# China Heat Press Machine



## edcruz (Nov 13, 2006)

anybody bought heat press machine from china ?
hows the quality ?
or anyone heard of anything bout the quality of china heat press ?

thx~


----------



## Jasonda (Aug 16, 2006)

I think there are a few things to consider if you are going to buy a press from China..

1. Electric voltage - in China they use 220V/50Hz, in the US it's 120V/60Hz.

2. Service and parts - if your press breaks, are you going to send it back to China for them to fix it? If you need a part, will you be able to find it? What about warranties?

It might seem like getting a press from China is a good deal at first.. but it could come with a lot of headaches.


----------



## edcruz (Nov 13, 2006)

i heard many says that heat press machine are built to last. just not sure bout those from china.


----------



## Jasonda (Aug 16, 2006)

edcruz said:


> i heard many says that heat press machine are built to last. just not sure bout those from china.
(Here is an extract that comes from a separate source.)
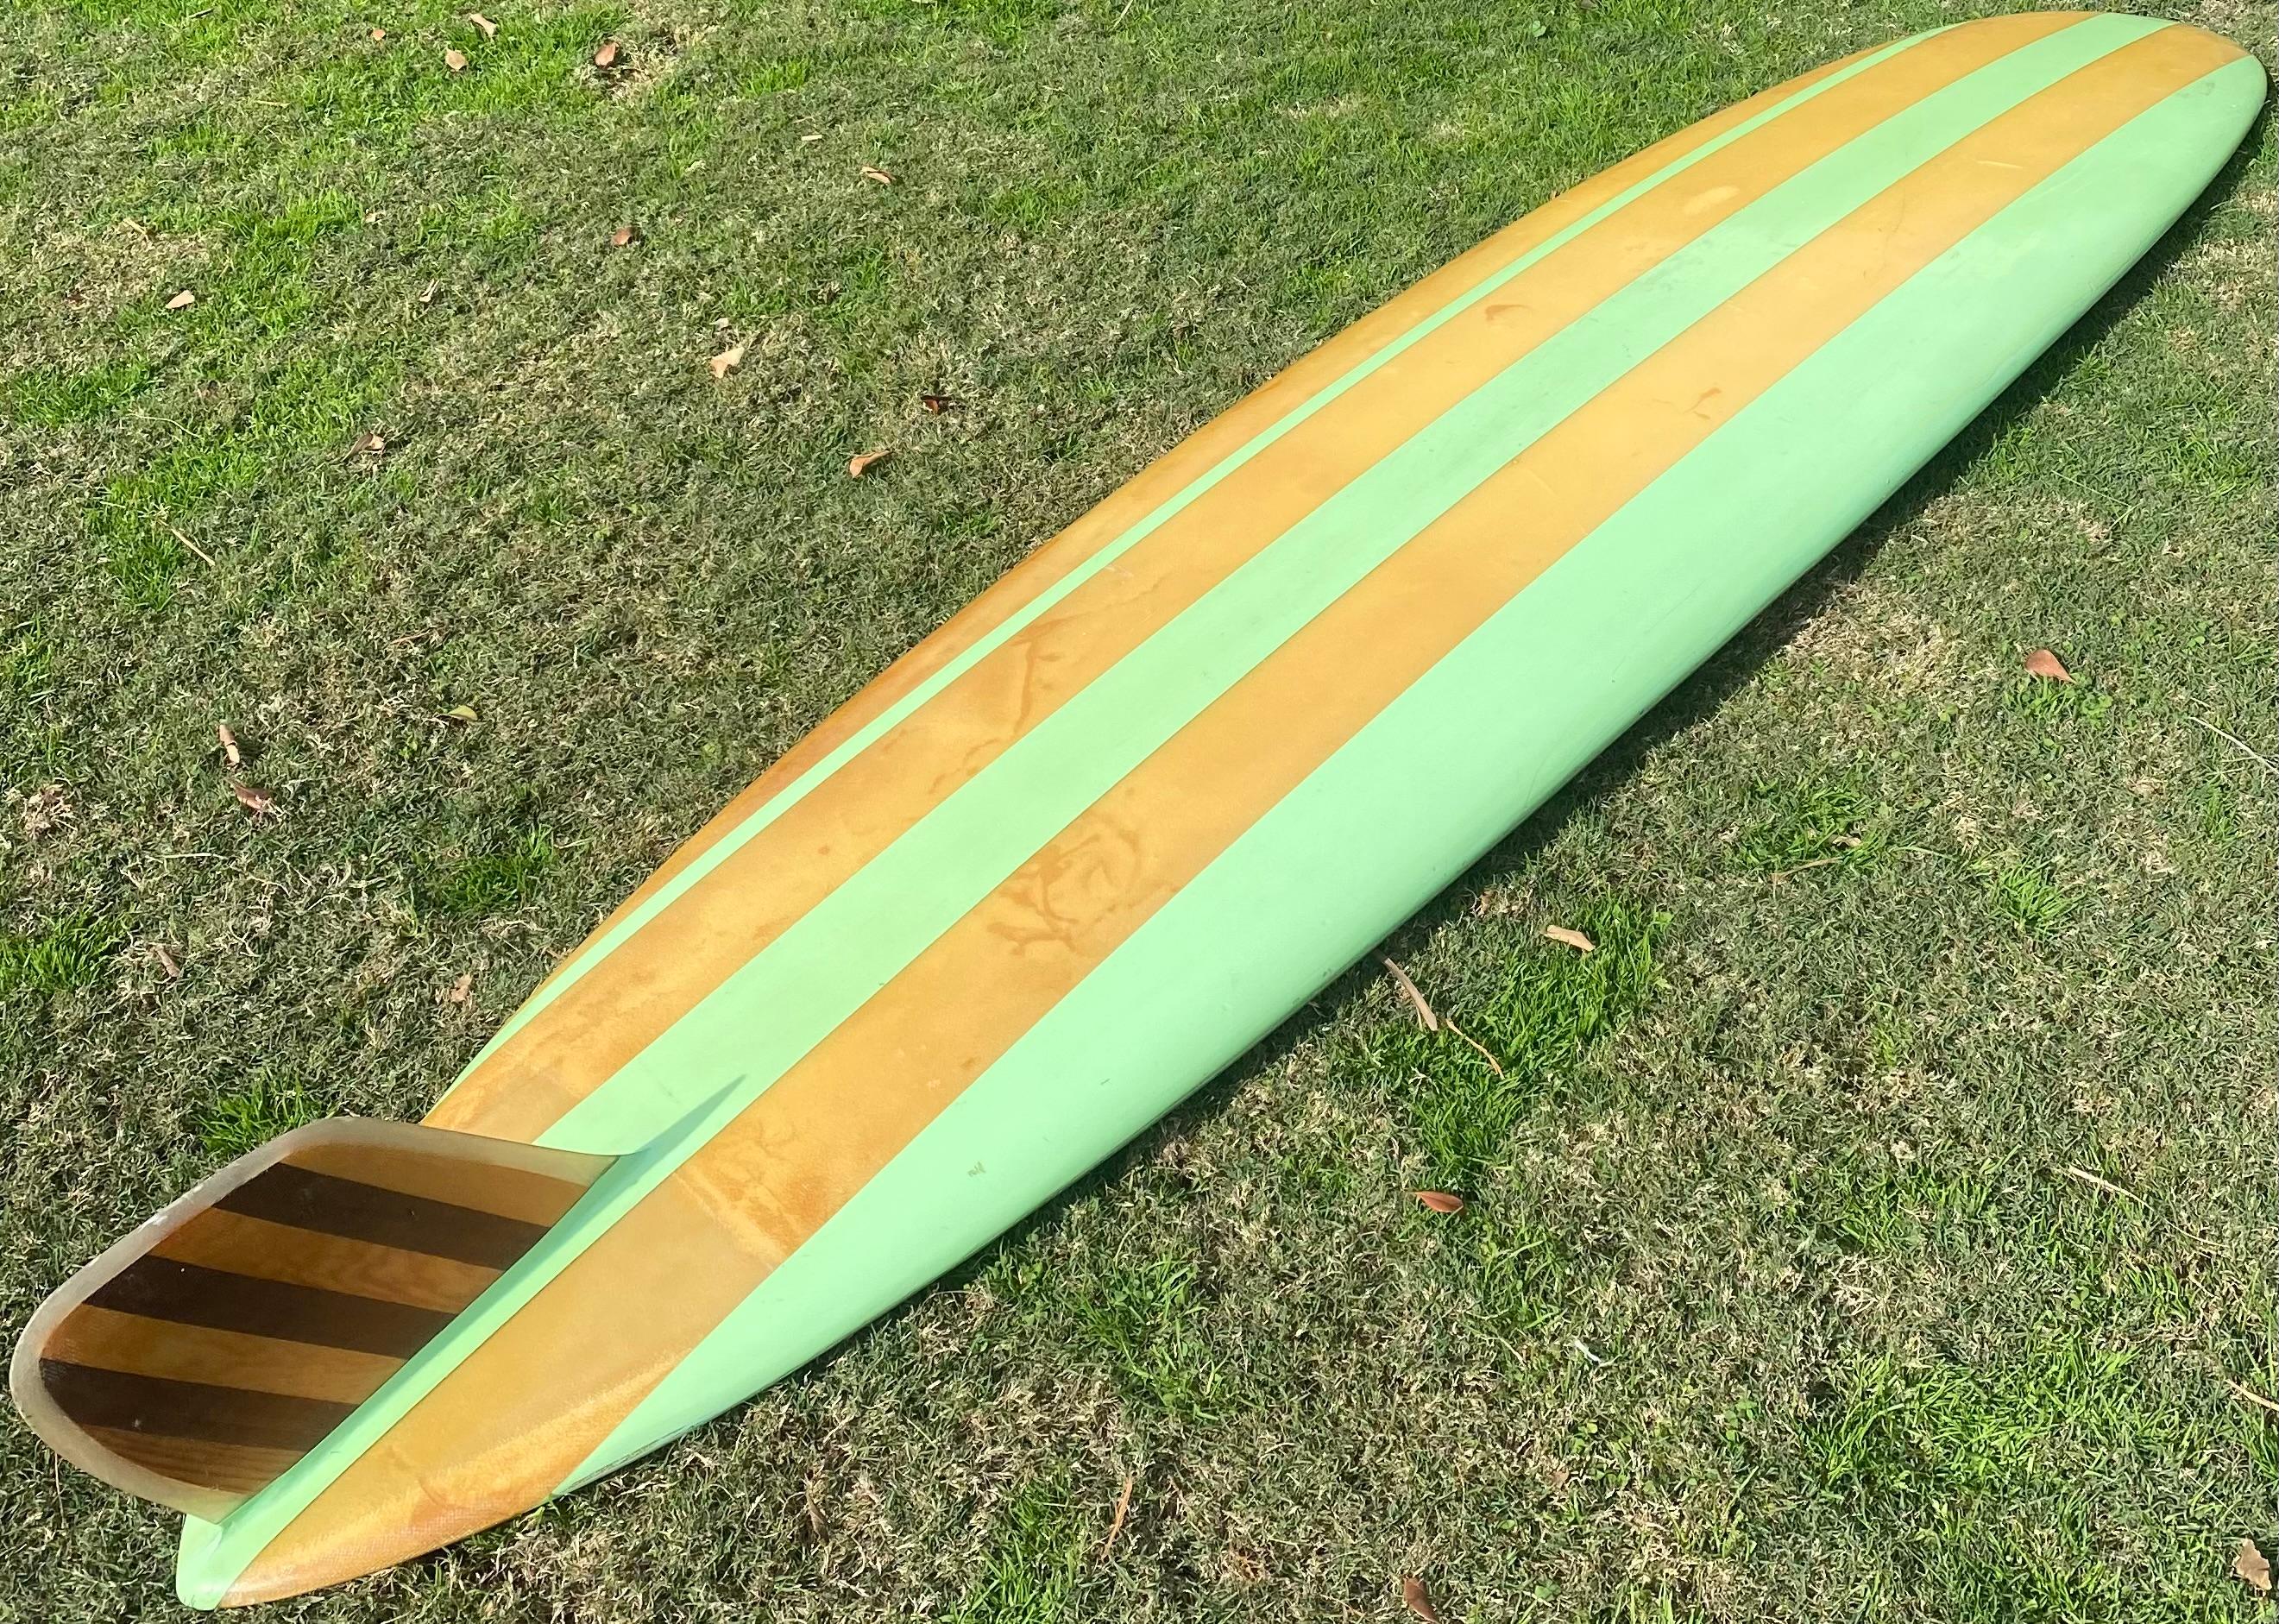 Early-1960s Velzy Surfboards pintail longboard. Features beautiful seafoam green stripes with balsa wood stringer and 7 piece wooden fin. “The Surfboard of Champions” silver-foil logo. A remarkable original example of an early 1960s longboard shaped

Most name brand presses are built to last. Most of them have at least a 1-year warranty, and they can be repaired if they break.

I honestly don't think you will find the same thing with a press from China.


----------



## mikel (Apr 20, 2006)

Not sure of Chinese branded presses, but i was doing some research and found that Stahl has a factory making their Hotronix presses there. Whether they are sold in USA or specifically targetted towards the Asian market - i've no clue.


----------



## JoshEllsworth (Dec 14, 2005)

mikel said:


> Not sure of Chinese branded presses, but i was doing some research and found that Stahl has a factory making their Hotronix presses there. Whether they are sold in USA or specifically targetted towards the Asian market - i've no clue.
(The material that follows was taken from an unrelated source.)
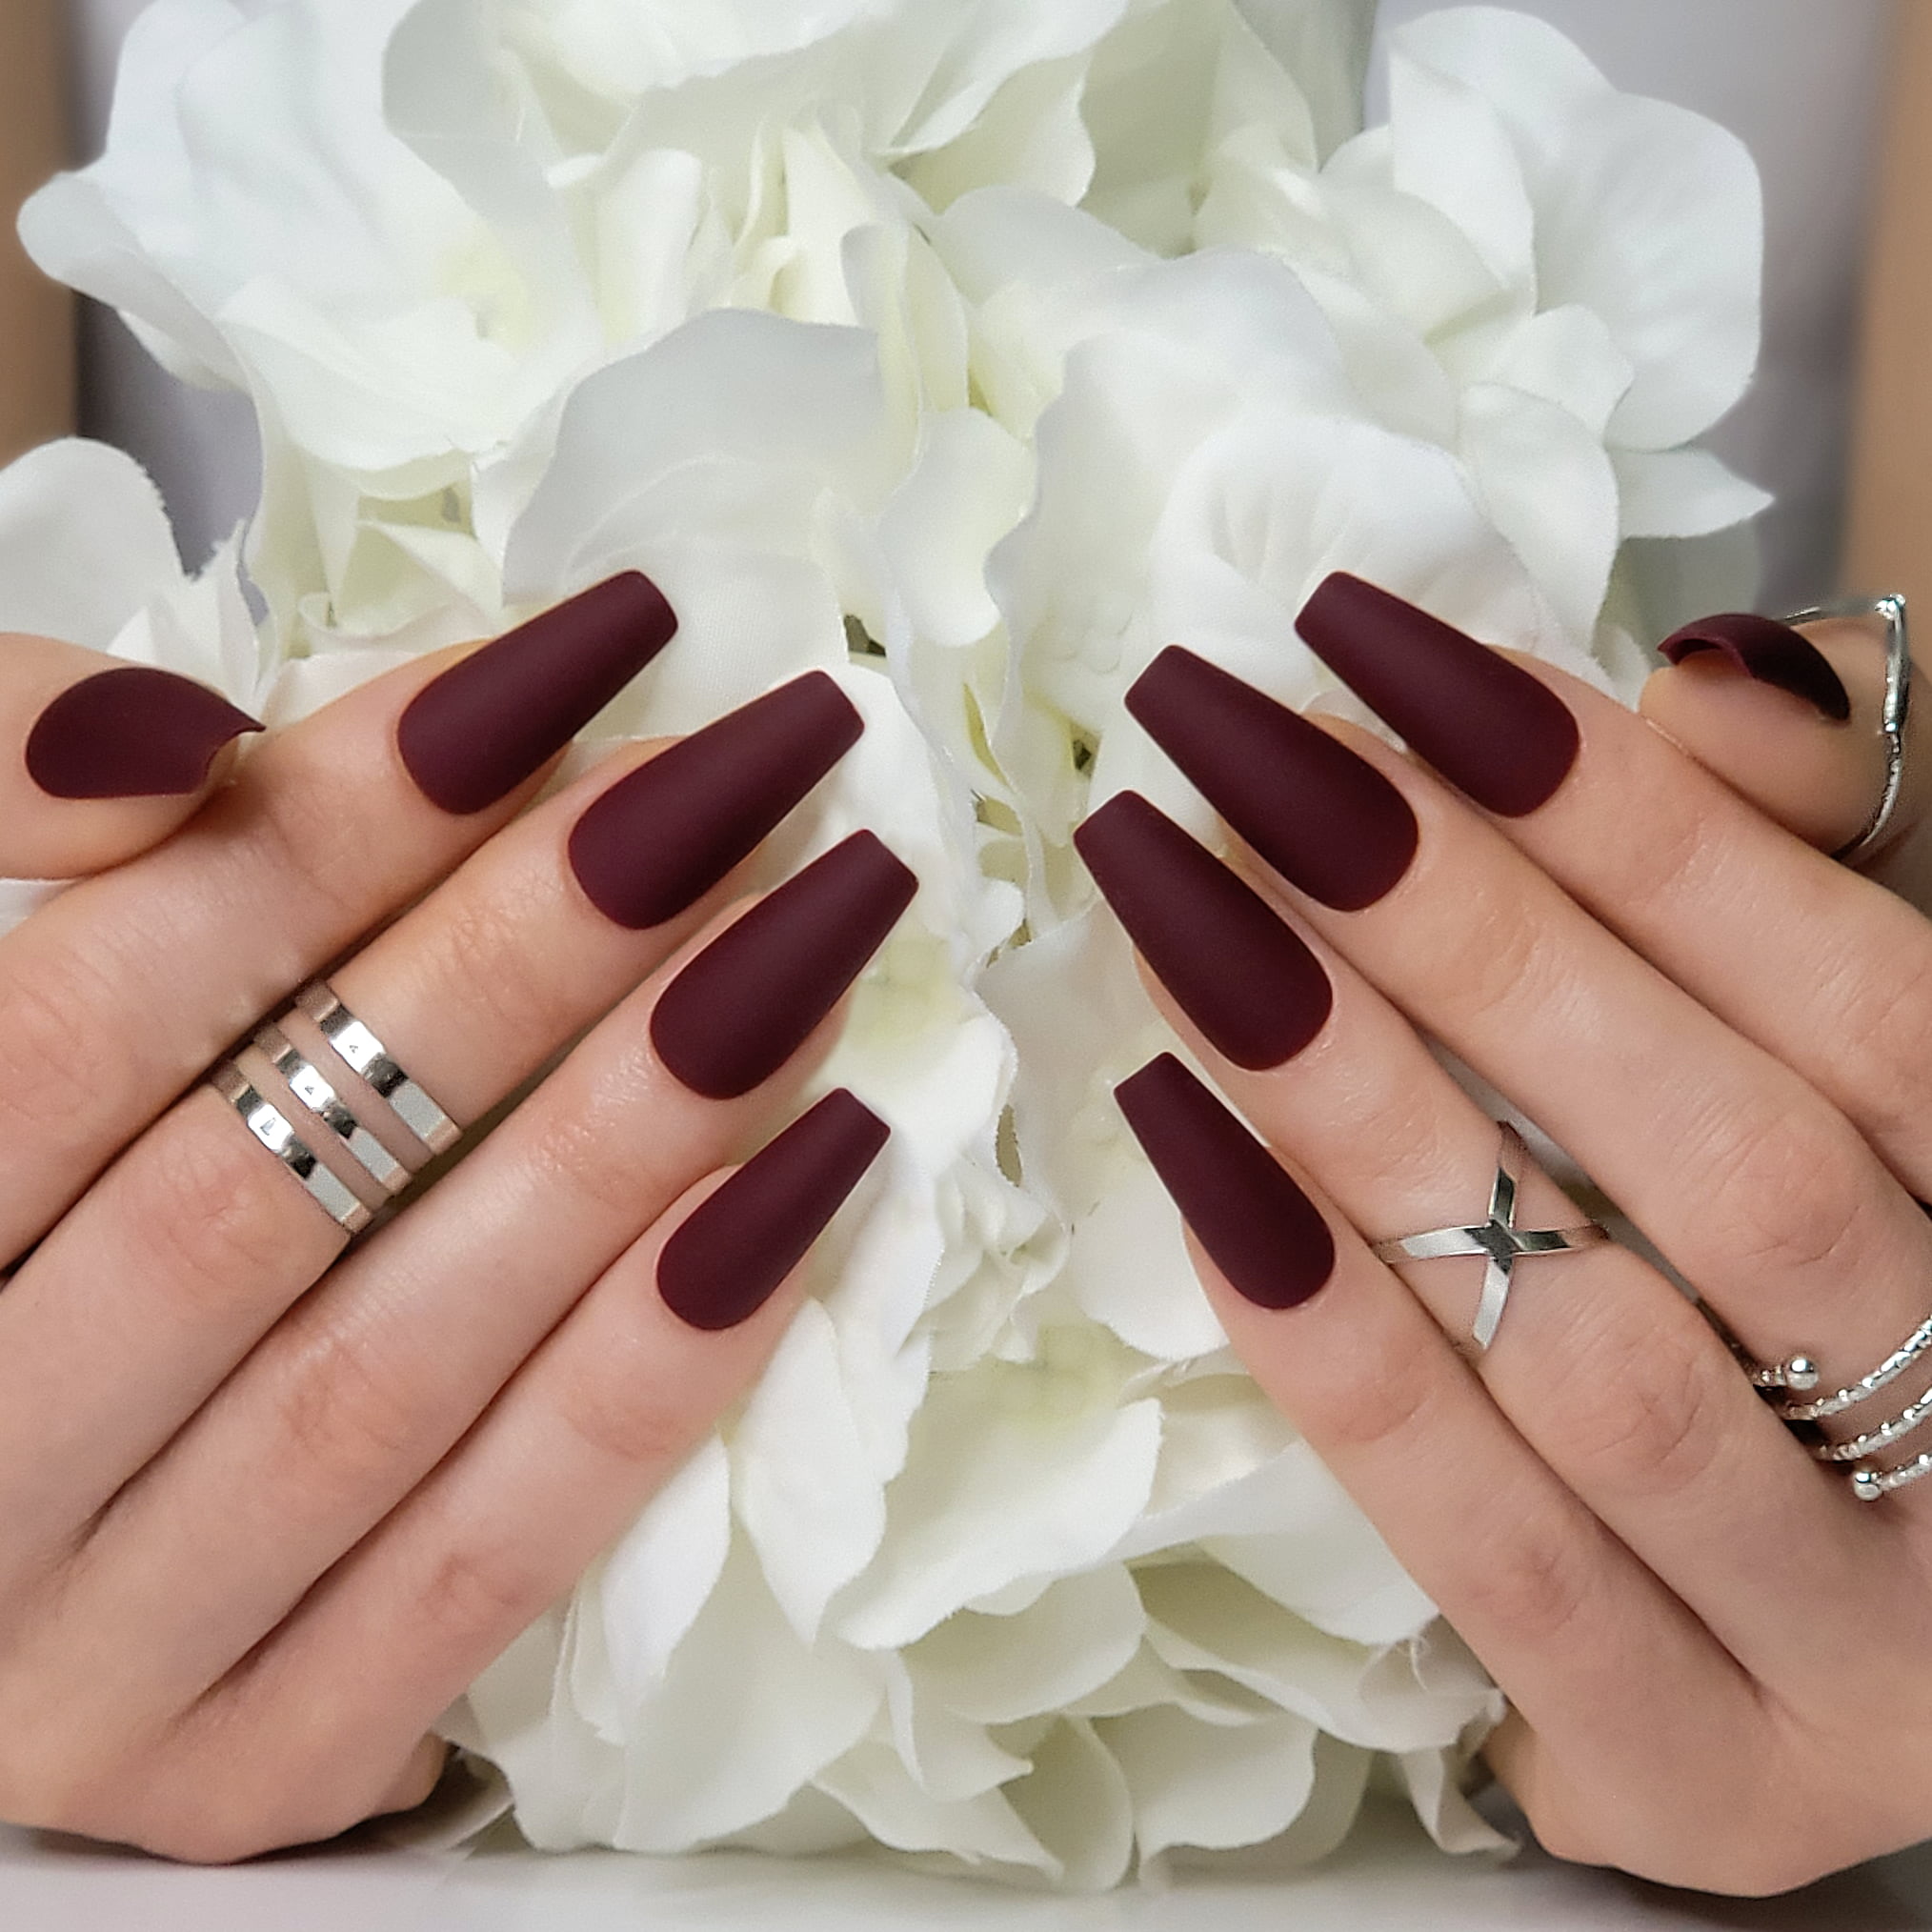 Download A Woman's Hand With Burgundy And Silver Nails | Wallpapers.com

Stahls manufactures their heat presses in their Horonix division in Pennsylvania.

Also, i wouldn't get a press from China unless there is technical service and an authorized repair center in the US. These presses do not compare with those manufactured in the US on any level.


----------



## Buechee (Dec 22, 2005)

JoshEllsworth said:


> Stahls manufactures their heat presses in their Horonix division in Pennsylvania.
> 
> Also, i wouldn't get a press from China unless there is technical service and an authorized repair center in the US. These presses do not compare with those manufactured in the US on any level.


He should know, he has a sweat shirt on, lol. Just kidding. I would go with american on this one. May if it was a t.v., but not heat press. 

I would check out the link to Josh's company. They give you a discount for being a member here. And it's the net so you don't have to worry about that salesman over your back, .


----------



## mikel (Apr 20, 2006)

JoshEllsworth said:


> Stahls manufactures their heat presses in their Horonix division in Pennsylvania.
> 
> Also, i wouldn't get a press from China unless there is technical service and an authorized repair center in the US. These presses do not compare with those manufactured in the US on any level.


i have the brochure for the Hotronix press that's made in China, like i said it might be for the Asian market, and it does says STAHL. Dollar for dollar, in my country at least, i'll be paying four times what you're paying for an American press, as a matter of fact for anything that comes from the States not including tax.

Agree on your second point on support.


----------



## Twinge (Apr 26, 2005)

JoshEllsworth said:


> Also, i wouldn't get a press from China unless there is technical service and an authorized repair center in the US. These presses do not compare with those manufactured in the US on any level.


I think this is an important point. Buying a cheaper and lower-grade press probably isn't such a bad thing if you have a company that will support it, be able to help with repairs, etc. locally.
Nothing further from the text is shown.